COLLECTED MATERIAL Start Marker

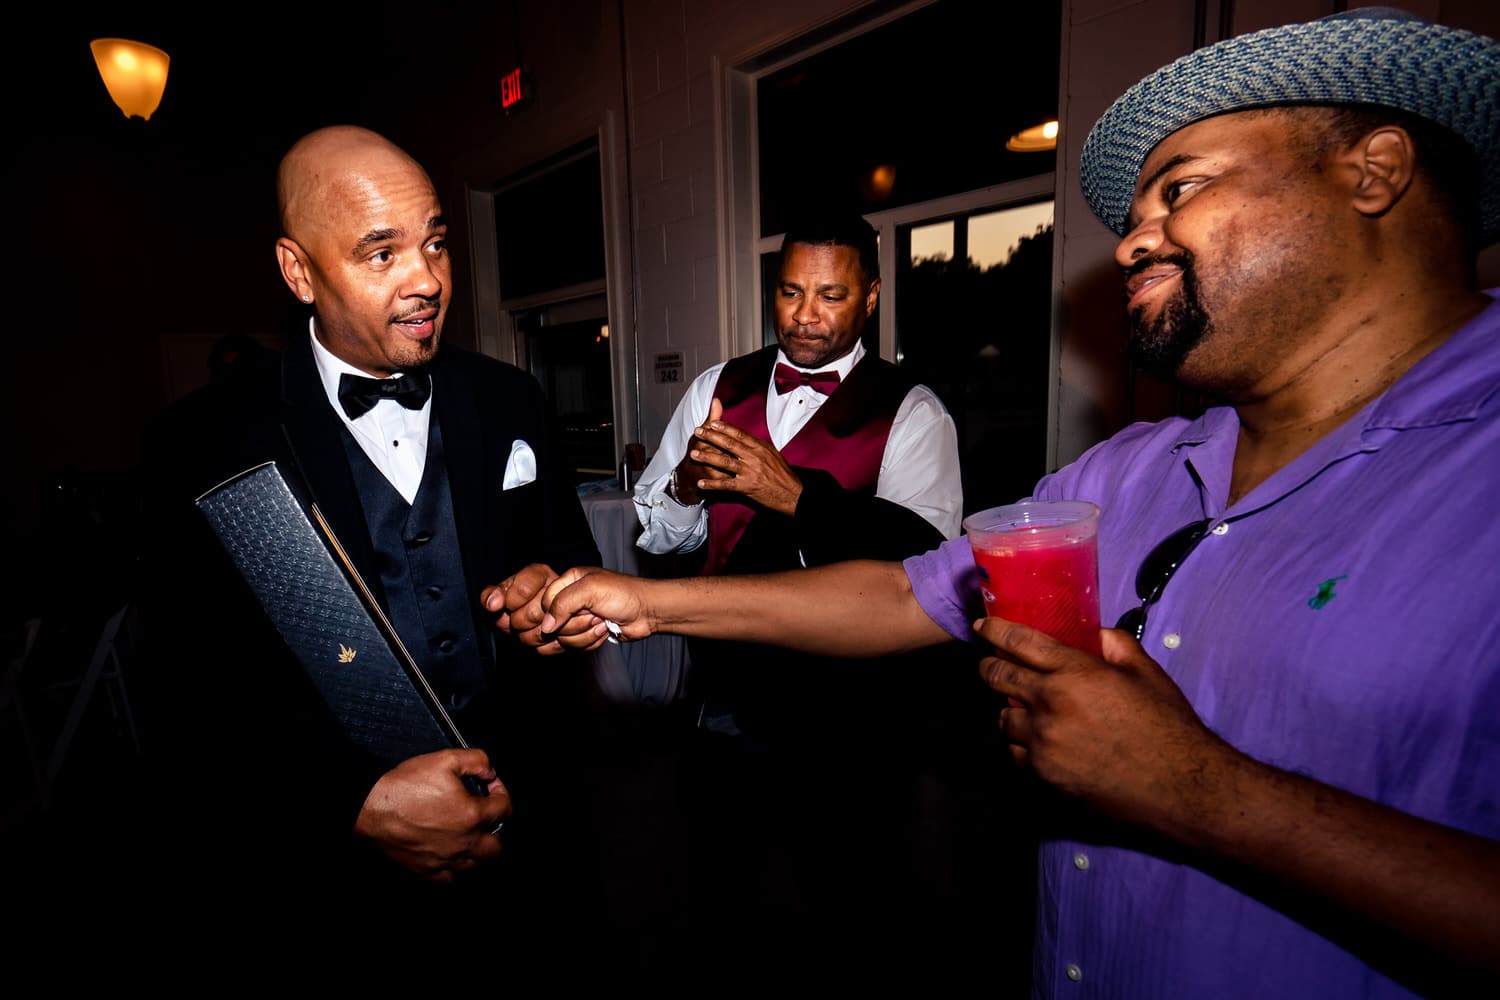 A colorful, candid picture of a groom receiving a wedding gift from a wedding guest. 
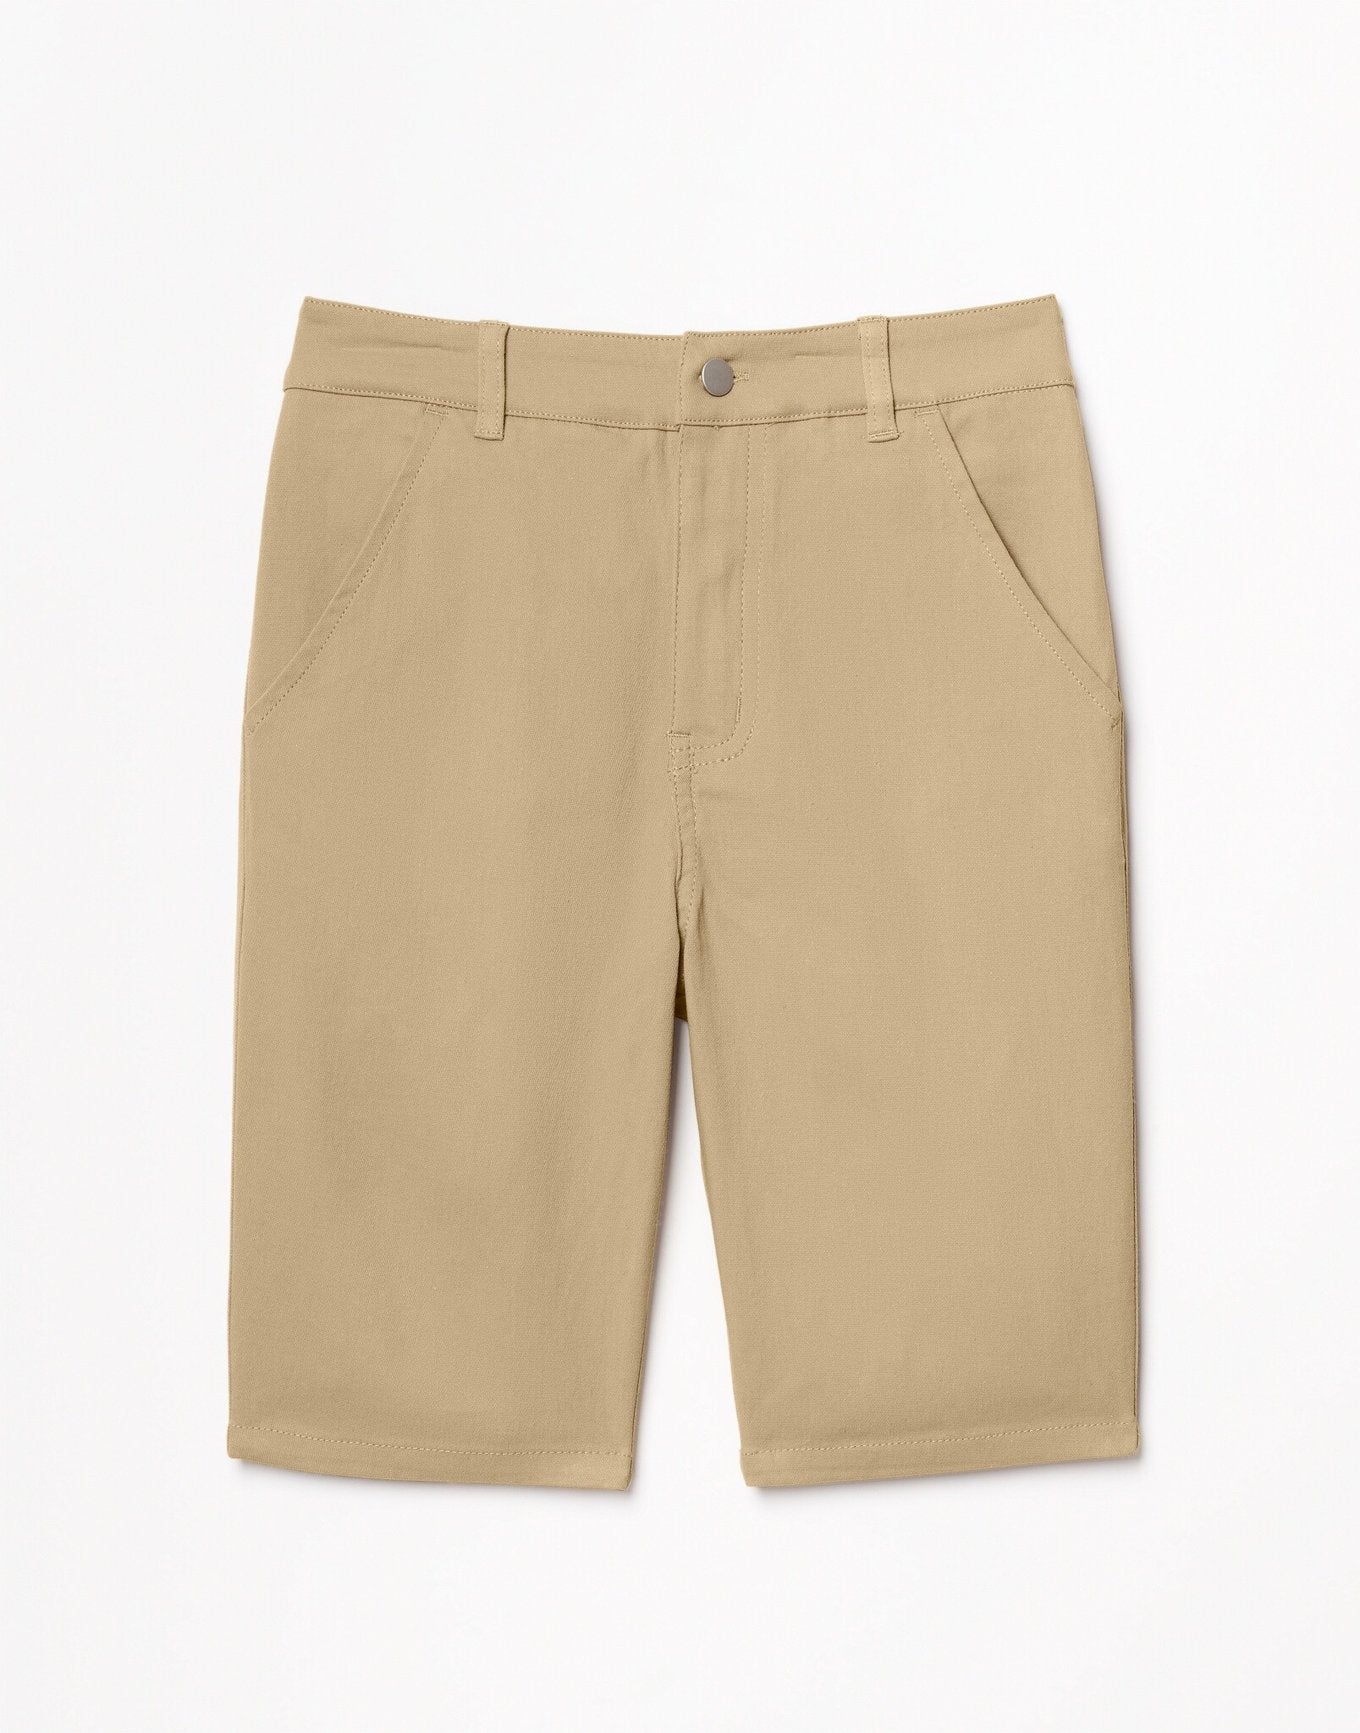 Outlines Kids John in color Almond Buff and shape shorts
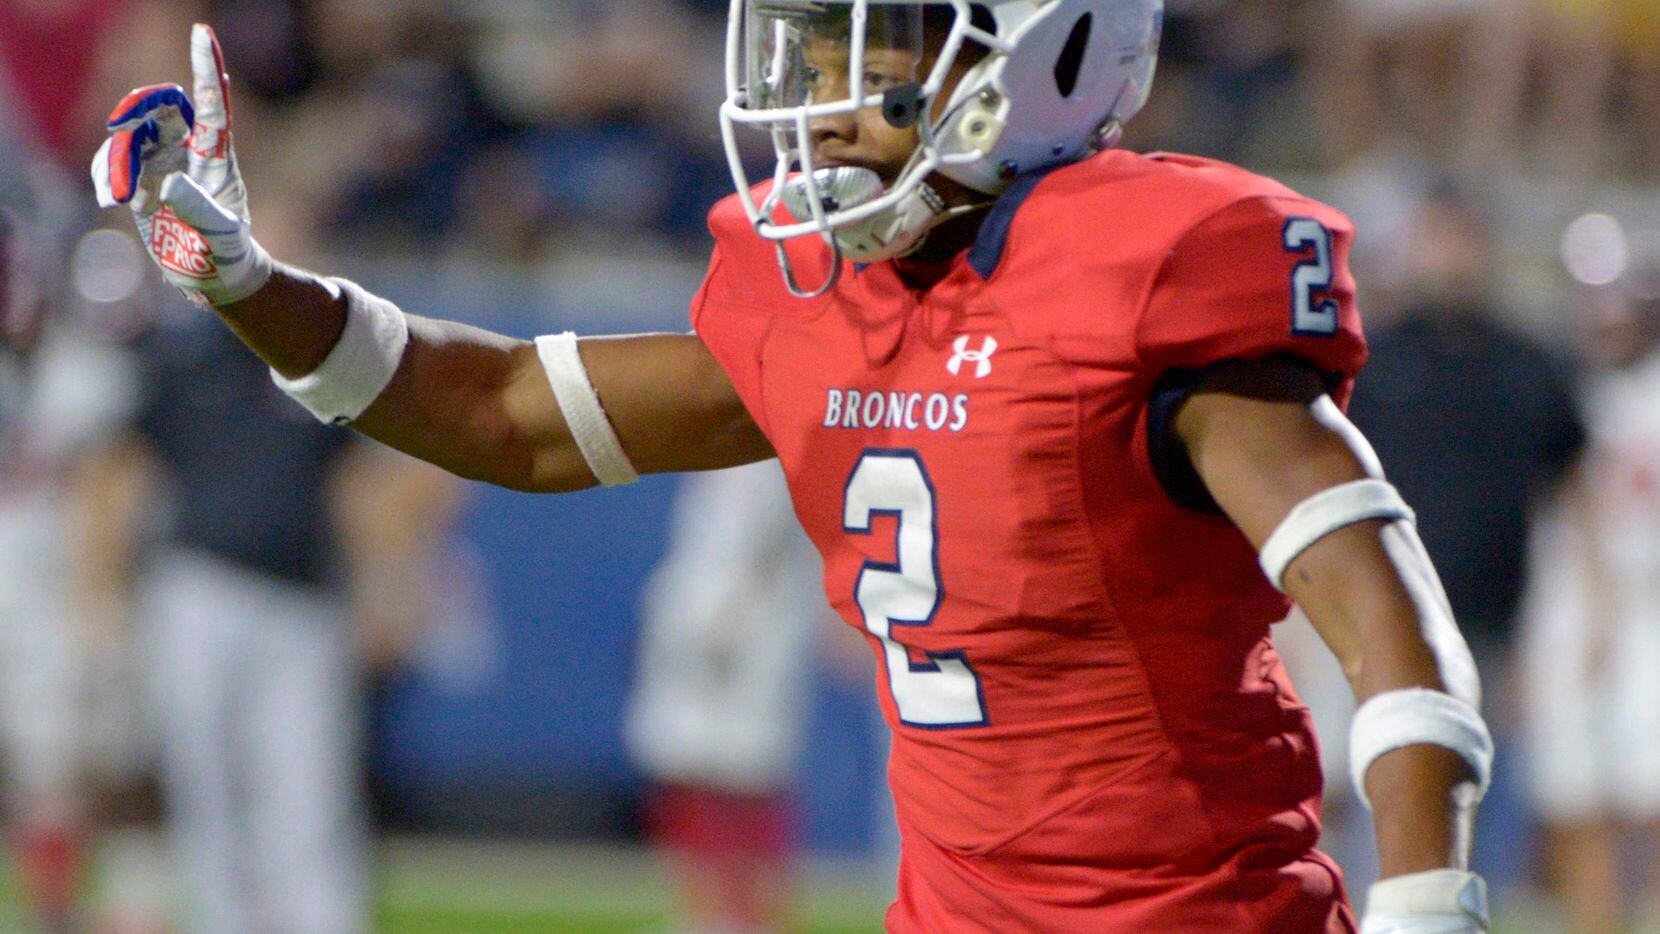 McKinney Boyd’s Ty Bolden celebrate after a fourth down stop in the first quarter of a high...

COLLECTED MATERIAL End Marker

> ABOUT THIS EXERCISE: Return the material word for word. Pictures are not part of the copy.

> EXERCISE RESPONSE:
 A colorful, candid picture of a groom receiving a wedding gift from a wedding guest. 
 Outlines Kids John in color Almond Buff and shape shorts
 McKinney Boyd’s Ty Bolden celebrate after a fourth down stop in the first quarter of a high...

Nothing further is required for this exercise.